When speaking of Michael Fassbender's performance in Shame, Charlize Theron, his co-star in Ridley Scott's Alien prequel Prometheus, said what the rest of the world has been thinking for months. "The bottom line is," she said, "he should have an Oscar on his mantel right now."

Playing Brandon, a sex addict helplessly caught in a riptide of desire, Fassbender gave, quite simply, the performance of the year - haunted, unshowy and doing it all with a sparse script that left him to do all the heavy lifting. He did more than that. He carried the film on his back.

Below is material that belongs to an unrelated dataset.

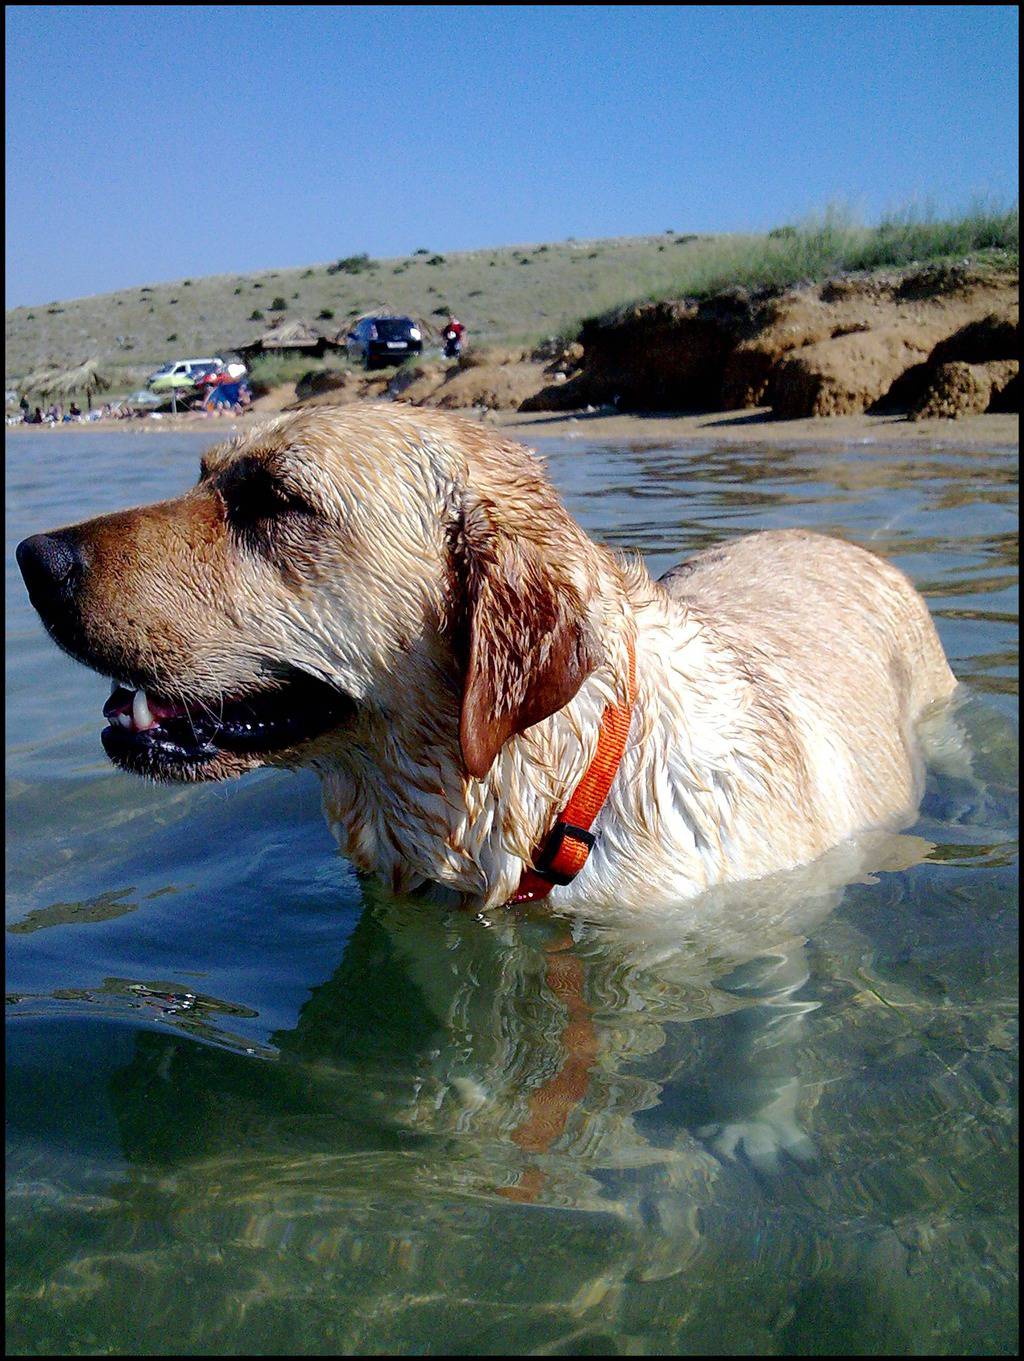 Plaže za pse: Otkrijte gdje se sve psi mogu bezbrižno kupati

Perhaps it just wasn't the sort of Oscar-bait biopic the Academy so adores. Or perhaps - who knows? - it was just that we saw Fassbender's penis, and the Academy doesn't go for that sort of thing. Whichever, Shame may have been the high point, but the entire year was his alone. Explosive thriller Haywire showed he could he could do action as well as angst; David Cronenberg's period drama A Dangerous Method followed, in which he played psychoanalyst Carl Jung, a man repressing, rather than led by, his desire, but no less a slave to it; and, finally, there was summer event-moviePrometheus, in which he stole the show playing an android servant who had become obsessed with

Lawrence Of Arabia, meaning the performance was part robot, part Peter O'Toole, part Pinocchio and all Fassbender.

Humanising and creepy, pitiful yet alienating, it summed up what makes Fassbender special, and probably explains why the Academy never came calling. Most actors want you to love them. Michael Fassbender just wants you too gripped to look away.